If it looks like insecure output handling:

  • Disable any feature that renders/executes output (HTML preview, script execution, query execution) until outputs are sanitised/encoded.  

If it looks like supply chain compromise:

  • Disable the suspicious plugin/tool/platform integration immediately.  
  • Rotate keys/tokens the integration could have accessed and monitor for misuse.  

Tip: Containment should be reversible and prioritise stopping ongoing harm first.
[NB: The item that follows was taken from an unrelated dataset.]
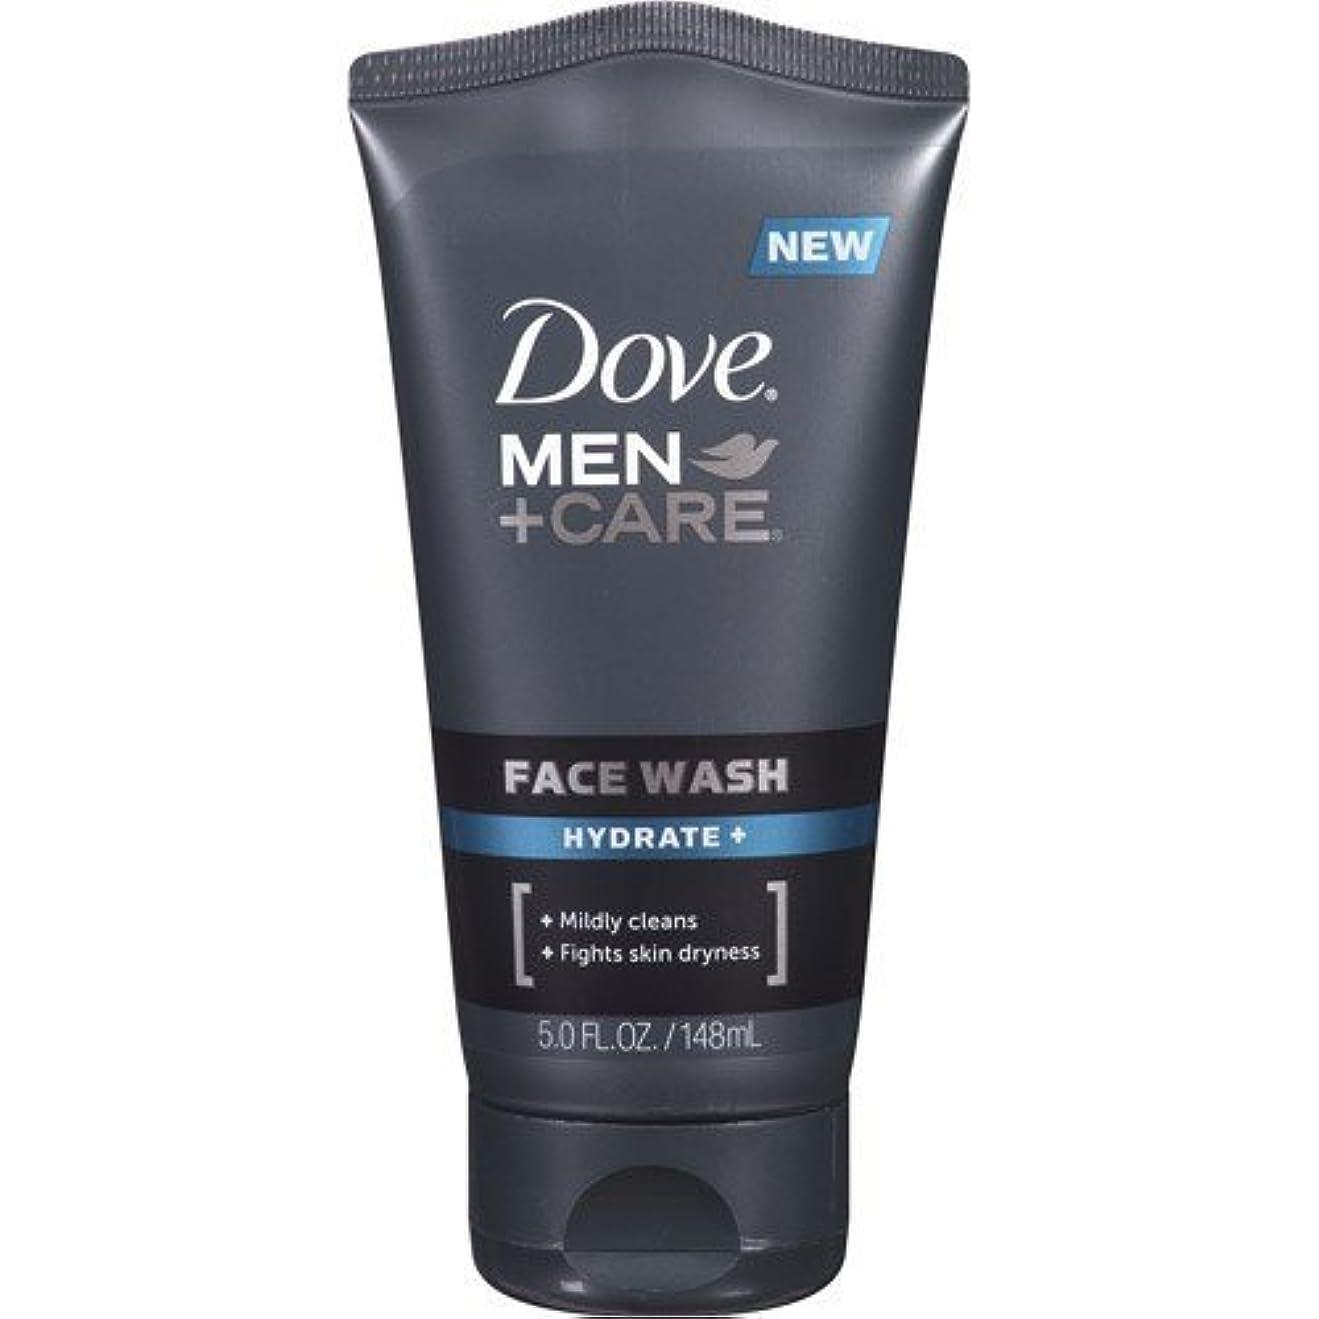 消費文明化する浸漬Dove Men + Care Face Wash, Hydrate, 5 Oz by Dove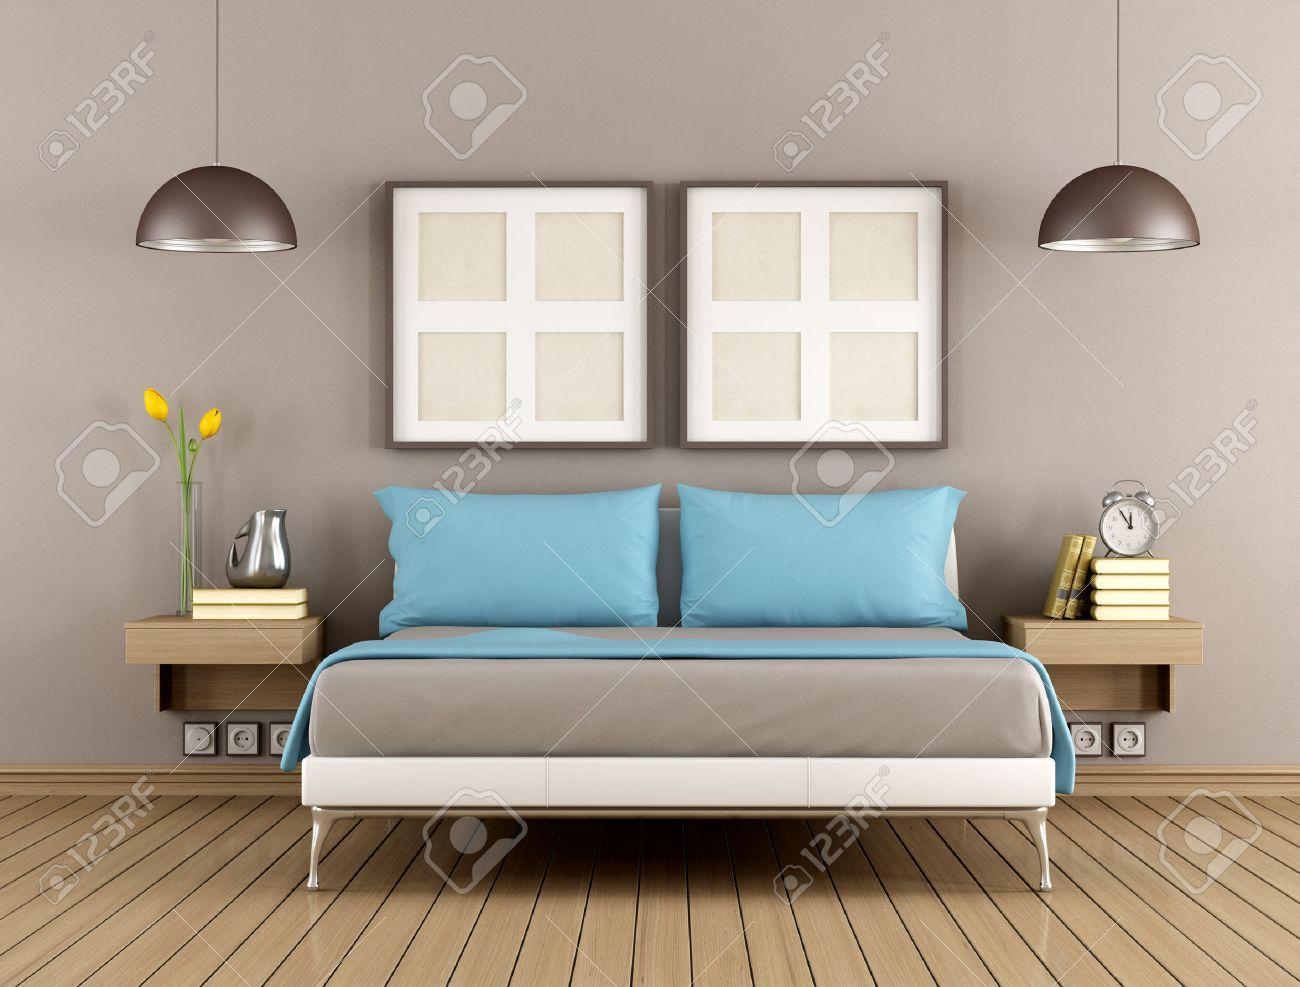 Chambre à coucher contemporaine avec lit double - rendu

This aligns with standard incident response outcomes (detect → respond → recover).  

Step 4 — Scope the incident  

Use the logs you collected to answer: 

  • Which users/sessions were involved?  
  • What prompts were used (or what content was retrieved)?  
  • Which documents/records were accessed?  
  • Which tools were called and what actions occurred?  
  • Was data sent externally (emails, webhooks, uploads)?  
  • Were there configuration changes (plugins enabled, permissions broadened)?  

Step 5 — Eradicate and recover  

Typical recovery steps include: 

  • Patch/update affected components (including AI orchestration layers, connectors, and dependencies).  
  • Reset credentials/tokens and reduce permissions (least privilege).  
  • Restore from known good state if data integrity was impacted.  
  • Re-enable features gradually with stronger controls (approvals, filtering, monitoring). 

 

Building your incident response

A) Prepare

  • Identify critical systems and data your AI tools can access. 
  • Maintain contact lists and escalation routes (IT provider, vendors, CSC reporting, regulator if relevant).  
  • Define how to disable or isolate AI features quickly.

B) Enable evidence collection

  • Centralise logs and ensure sufficient retention to investigate.  
  • Ensure logs are protected from unauthorised access/modification.  

C) Test your response

  • Run tabletop exercises: prompt injection scenario, data disclosure scenario, compromised connector scenario.